▸ EXERCISE GOAL
Your reply should reproduce all the data below exactly while excluding the pictures.

[[ DATASET CONTENT open ]]

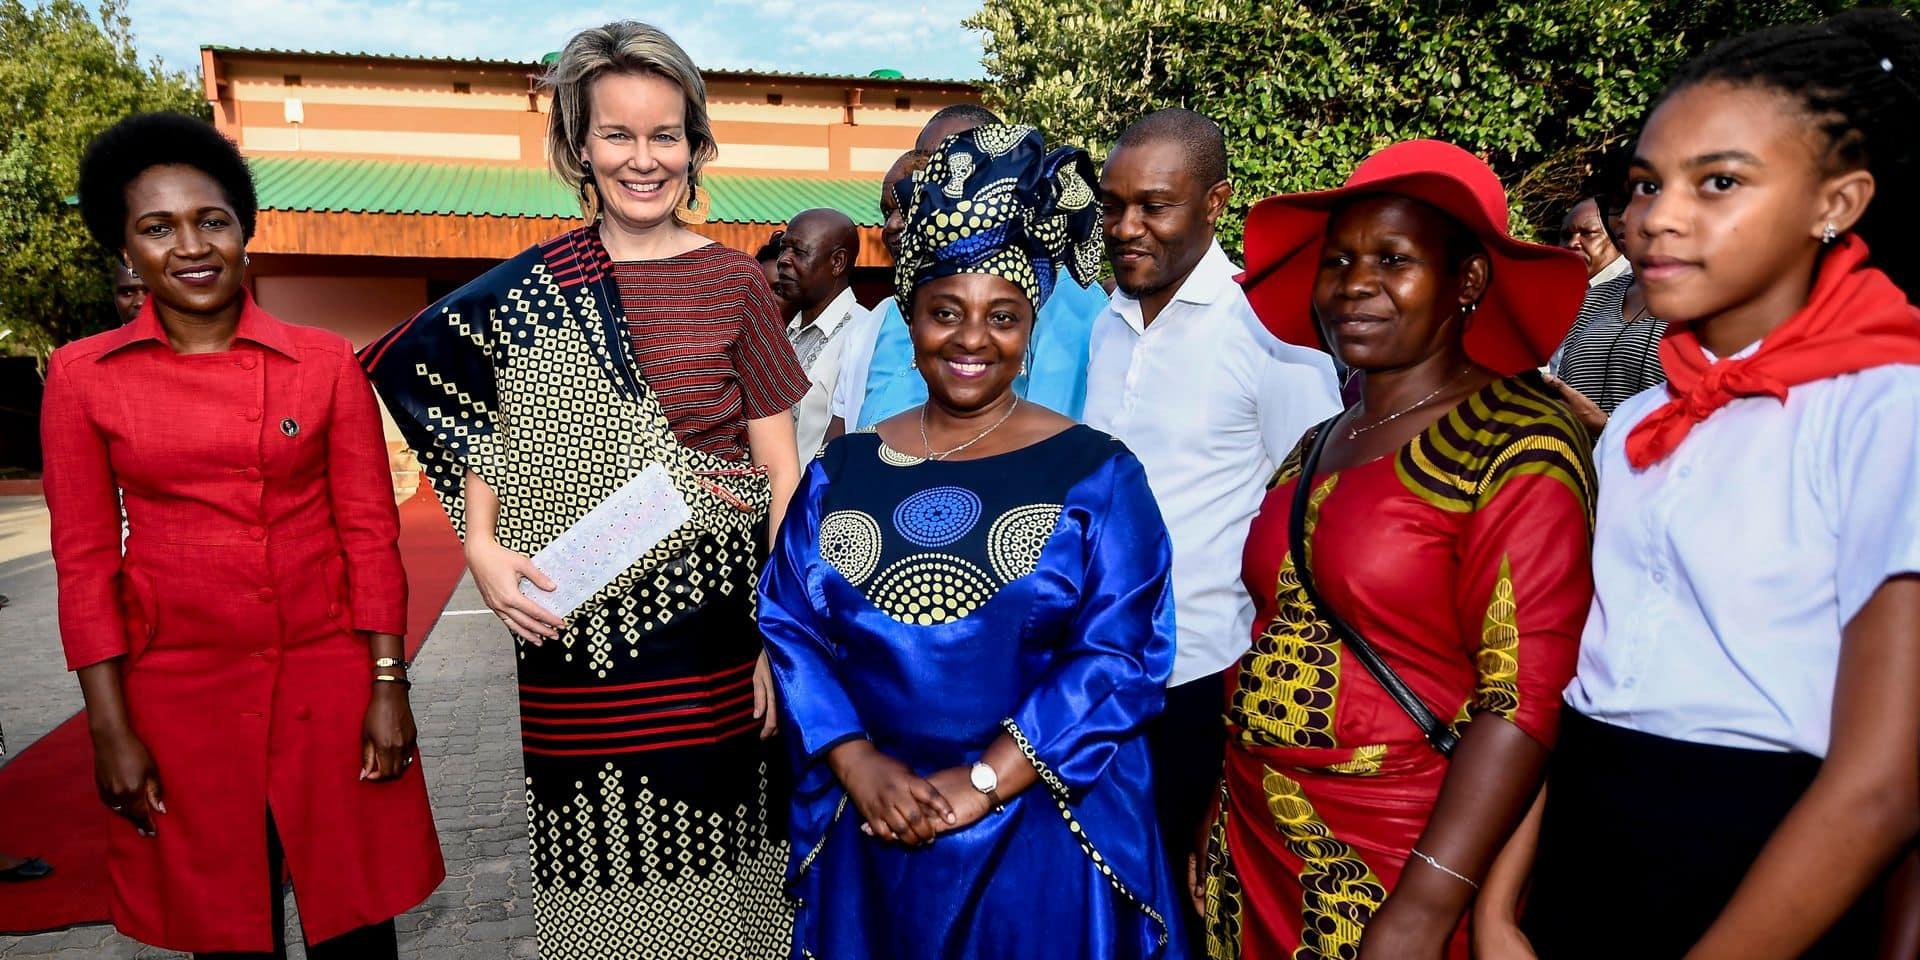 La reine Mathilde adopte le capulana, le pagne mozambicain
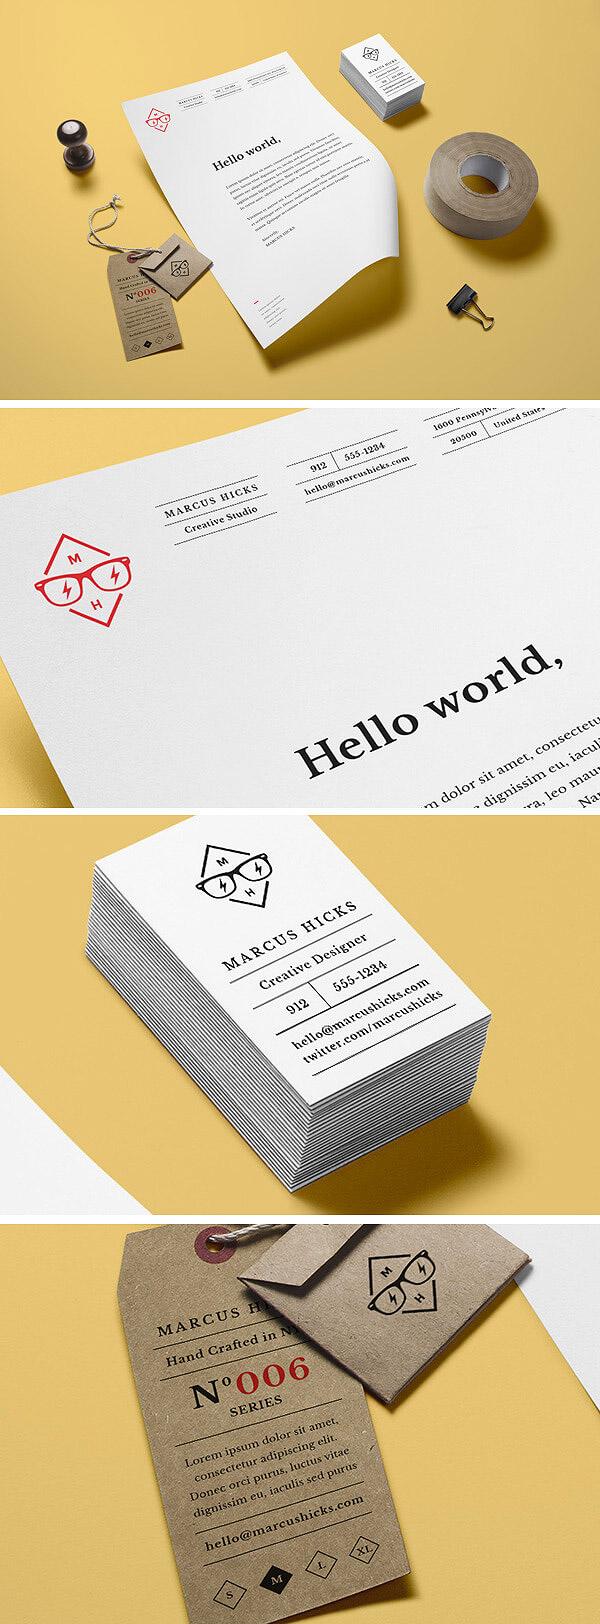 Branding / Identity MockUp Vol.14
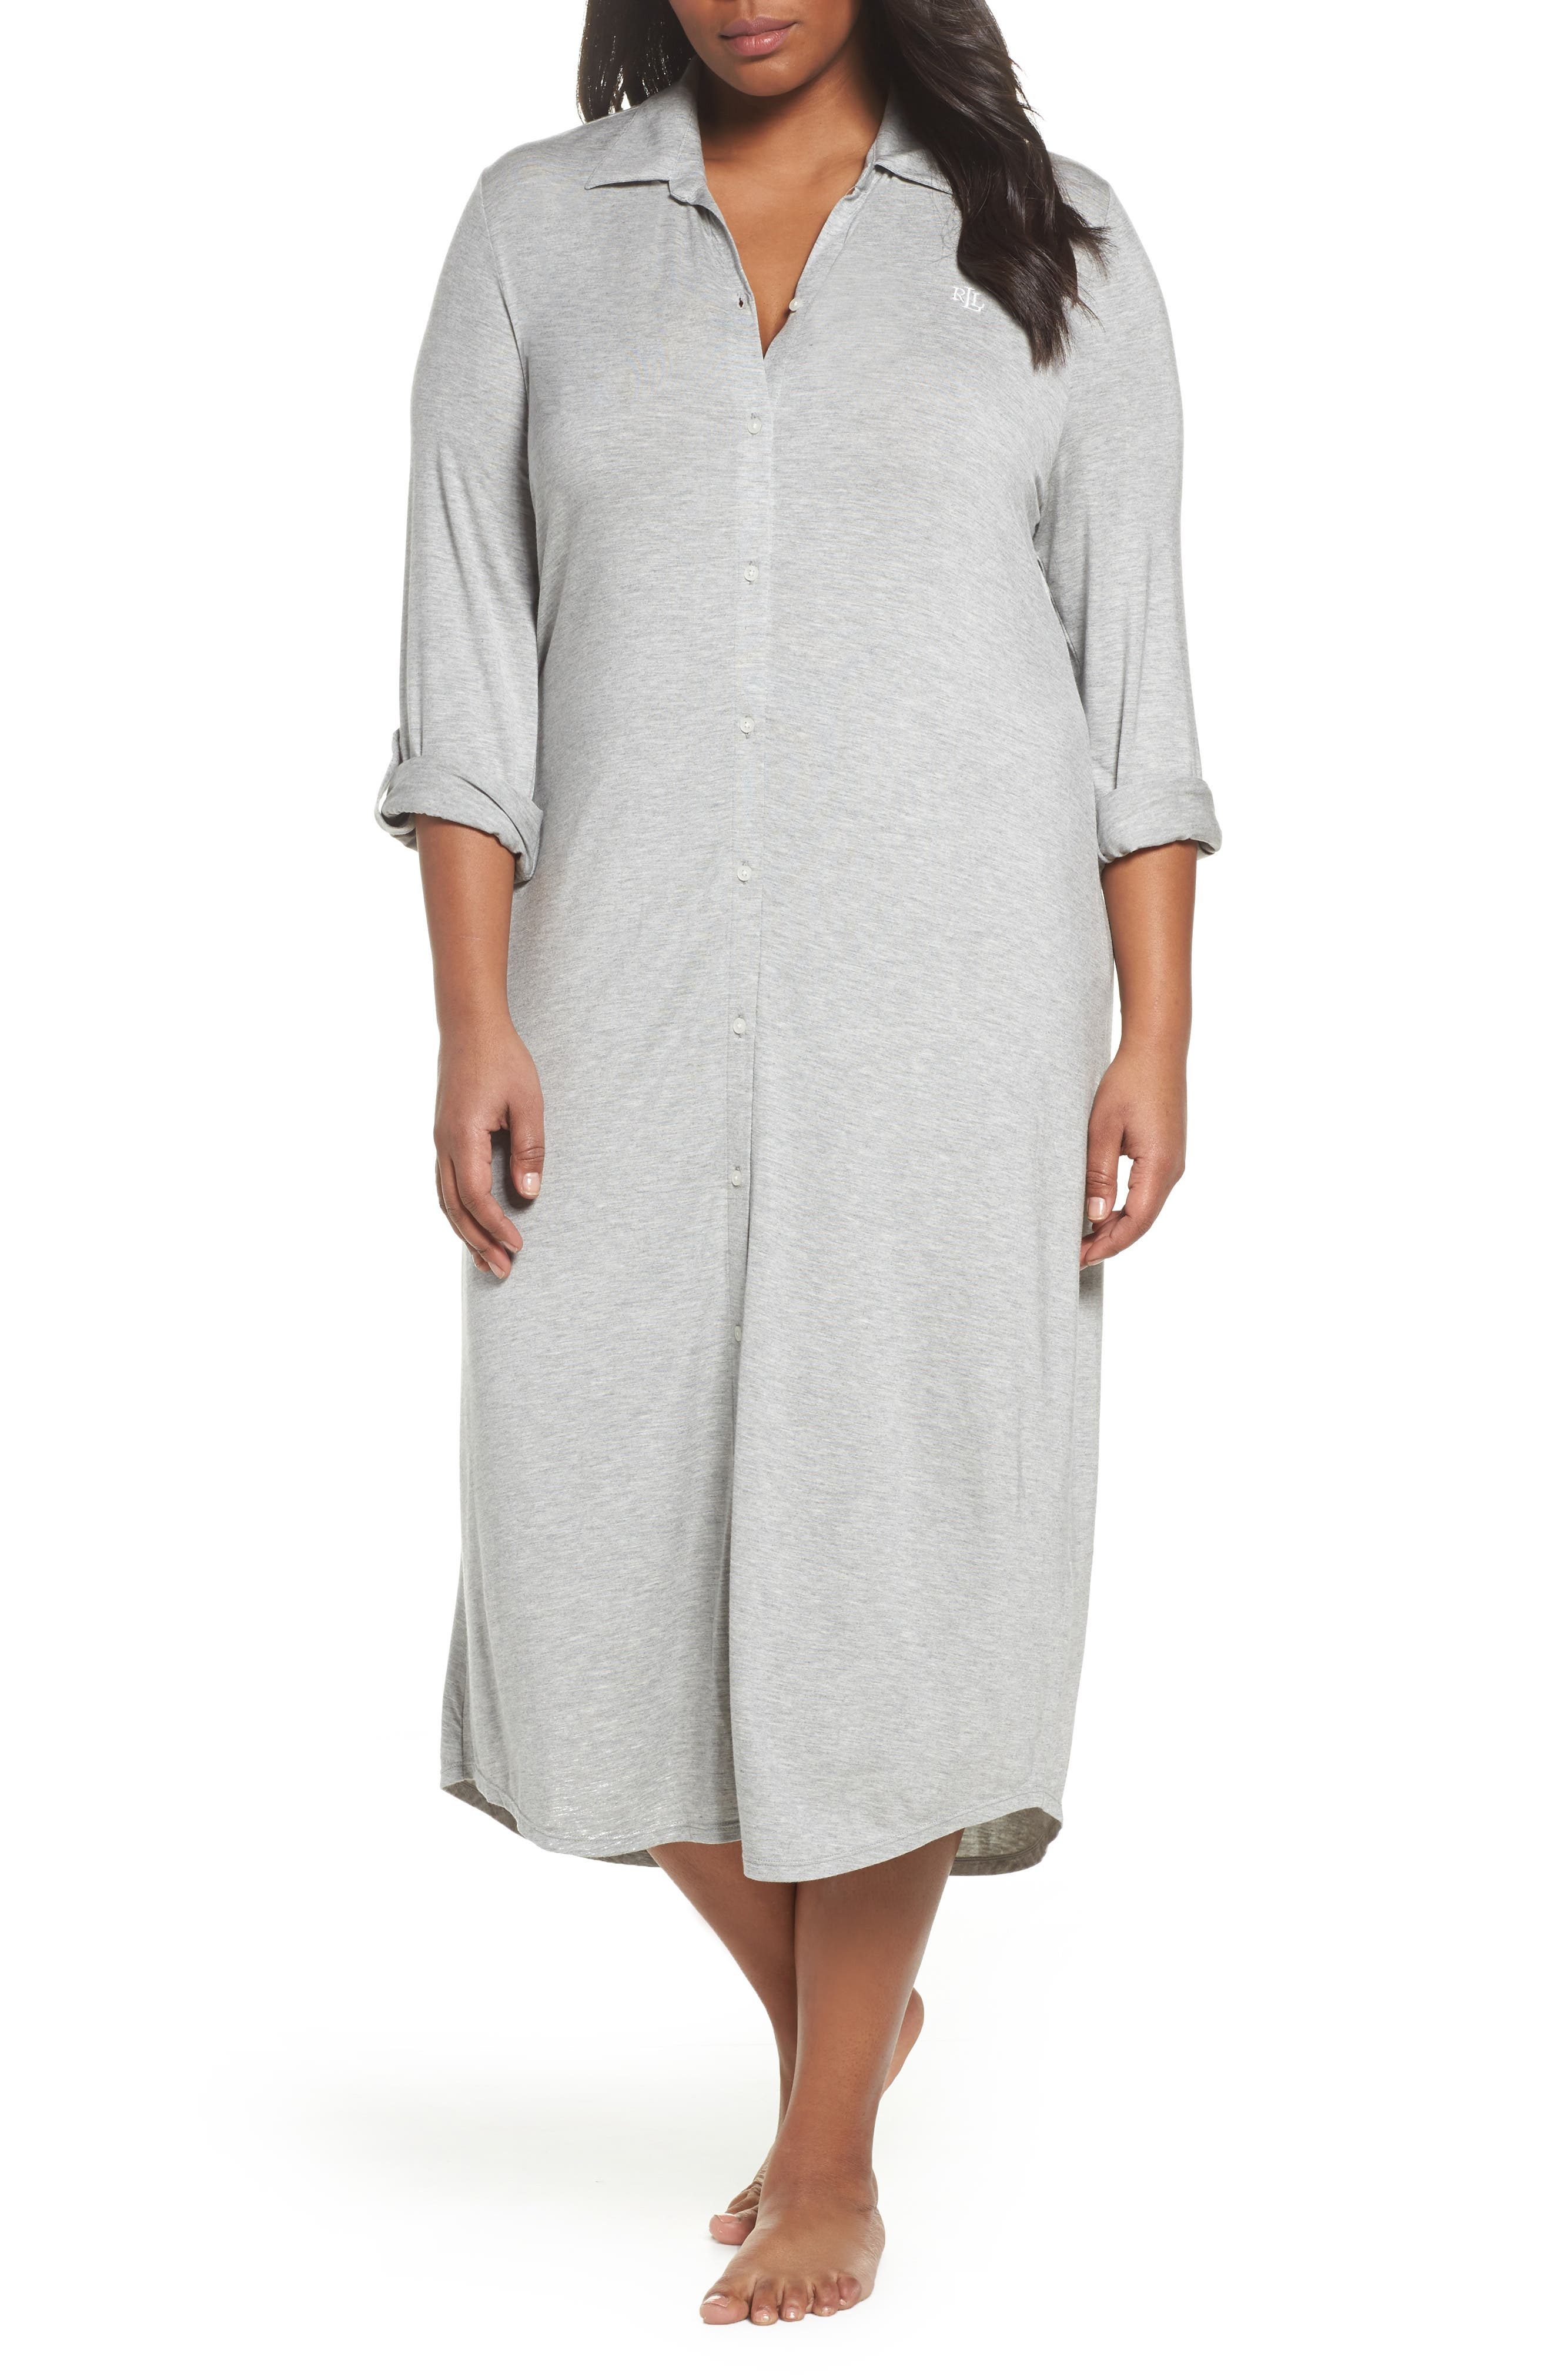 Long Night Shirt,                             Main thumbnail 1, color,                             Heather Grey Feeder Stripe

[[ DATASET CONTENT closed ]]

▸ ANSWER BOX
 La reine Mathilde adopte le capulana, le pagne mozambicain
 Branding / Identity MockUp Vol.14
 Long Night Shirt,                             Main thumbnail 1, color,                             Heather Grey Feeder Stripe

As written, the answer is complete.